No mesmo pronunciamento à ONU, Bolsonaro voltou a afirmar que o Brasil preserva “66% de nossa vegetação nativa”, “usando apenas 27% do nosso território para a pecuária e a agricultura – números que nenhum outro país possui”, discurso do Itamaraty para “desmentir” as críticas à política ambiental.

O problema é que no primeiro ano de governo Bolsonaro, o Brasil representou mais de um terço de toda a perda de florestas tropical e o próprio percentual desconsidera áreas legalmente protegidas, mas onde há exploração de recursos naturais – desde 2019, o Observatório do Clima vem conferindo o que é fato e o que é propaganda no discursos externo do governo.

O mundo debate há décadas quais devem ser os modelos do mercado global de créditos para descarbonização.
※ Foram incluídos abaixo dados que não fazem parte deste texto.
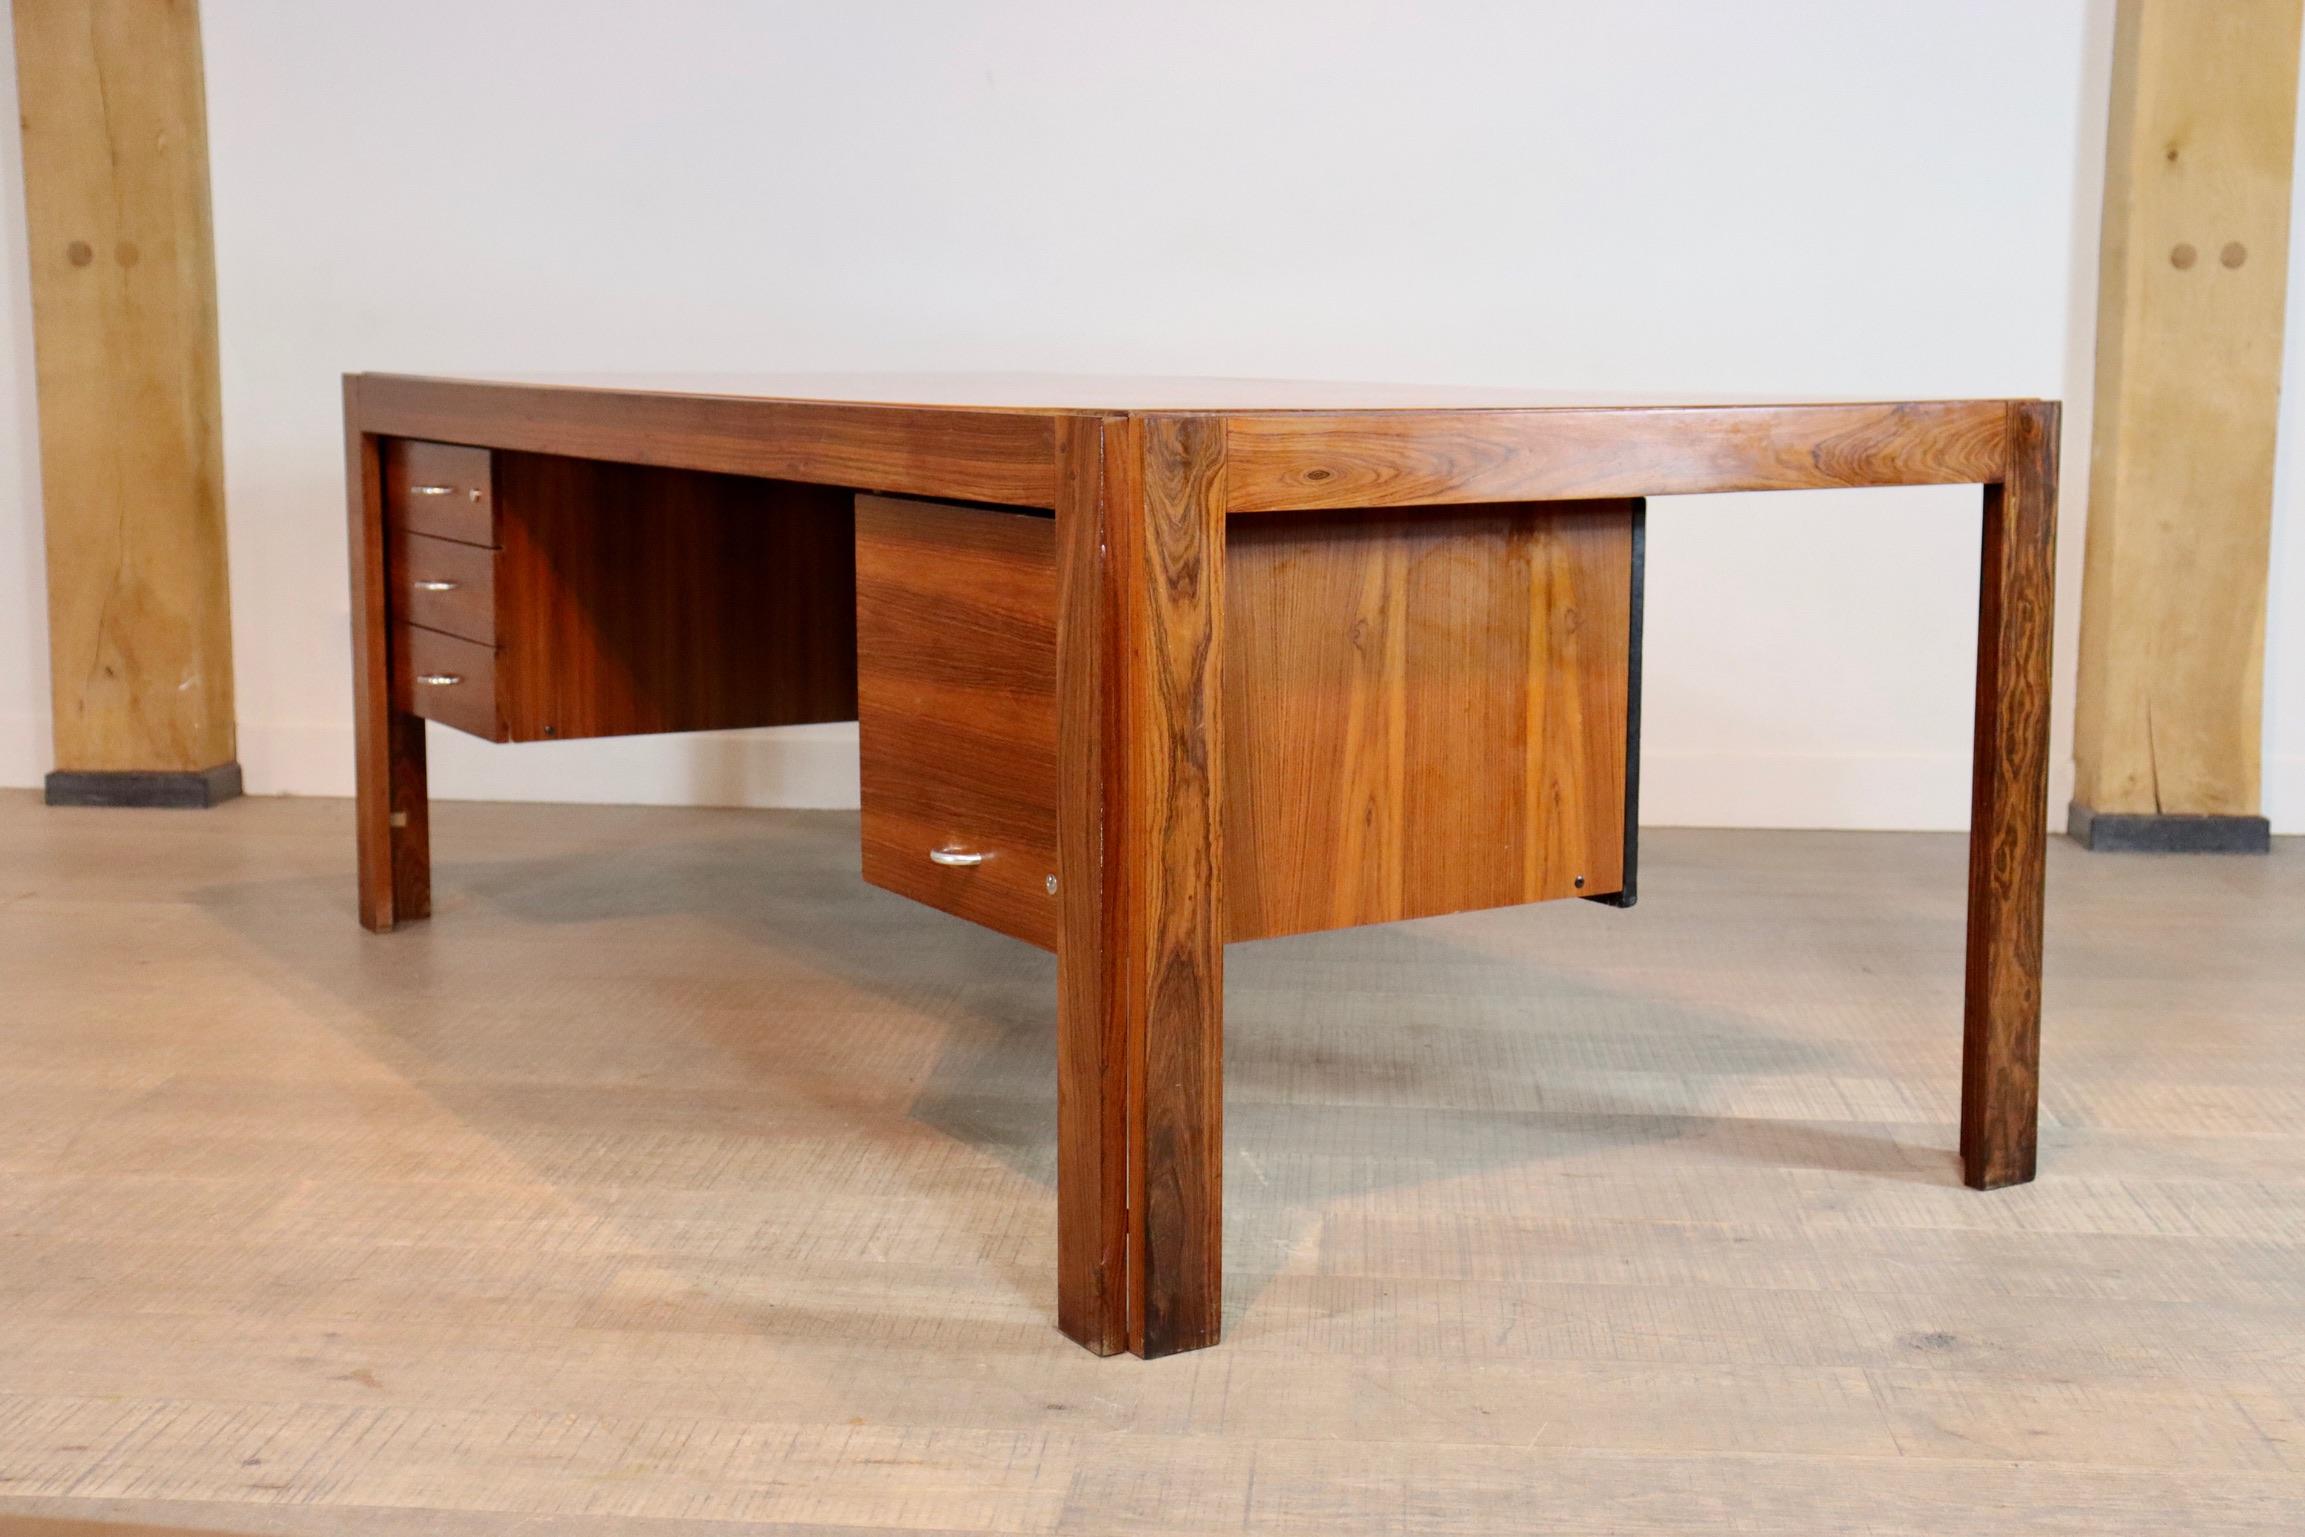 Sehr seltener brasilianischer Schreibtisch aus massivem Palisanderholz Escriba, entworfen von Tora Brazil in den 1970er Jahren. Die Schubladen aus Palisanderholz haben auf der Rückseite eine Lederverkleidung, so dass der Schreibtisch frei im Raum

Um passo foi o Protocolo de Kyoto, que criou em 1997 o MDL (Mecanismo de Desenvolvimento Limpo), mas que não se materializou.

Mudança da aposta brasileira sobre mercado de carbono

Apenas neste ano o Ministério do Meio Ambiente alterou esse posicionamento histórico, passando a reconhecer a contribuição do mercado voluntário de carbono florestal para a redução de emissões por desmatamento e degradação de florestas nativas.

Na década de 1990, o governo brasileiro era contra a inclusão da conservação de florestas nativas nesse tipo de mecanismo de compensação, por acreditar justamente que a liberdade para a exploração de seus recursos naturais não deveria ser cerceada – era uma questão de soberania nacional.

Nova tentativa para criar um mercado global está sendo feita com o Acordo de Paris, de 2015, por meio do qual também são negociados termos para para comercialização internacional de créditos.

Antes, foi feita a regulamentação de pagamentos a países em desenvolvimento, que estejam implementando políticas de Redução de Emissões por Desmatamento e Degradação Florestal, o REDD+, firmado na COP-19, em 2013, com o Marco de Varsóvia.

De lá pra cá o mecanismo é criticado, sobretudo por países em desenvolvimento, por nunca ter sido implantado de fato. Foi esse dinheiro que o ministro do Meio Ambiente brasileiro, Ricardo Salles, foi buscar na COP-25, ano passado, em Madri.

Cobrou dos países desenvolvidos o valor de “US$ 100 bilhões por ano” previstos para pagamentos pelo Fundo Verde para o Clima (GFC), a partir de 2020, que seria o mecanismo de pagamento aos países em desenvolvimento com resultados certificados pelas regras do REDD+.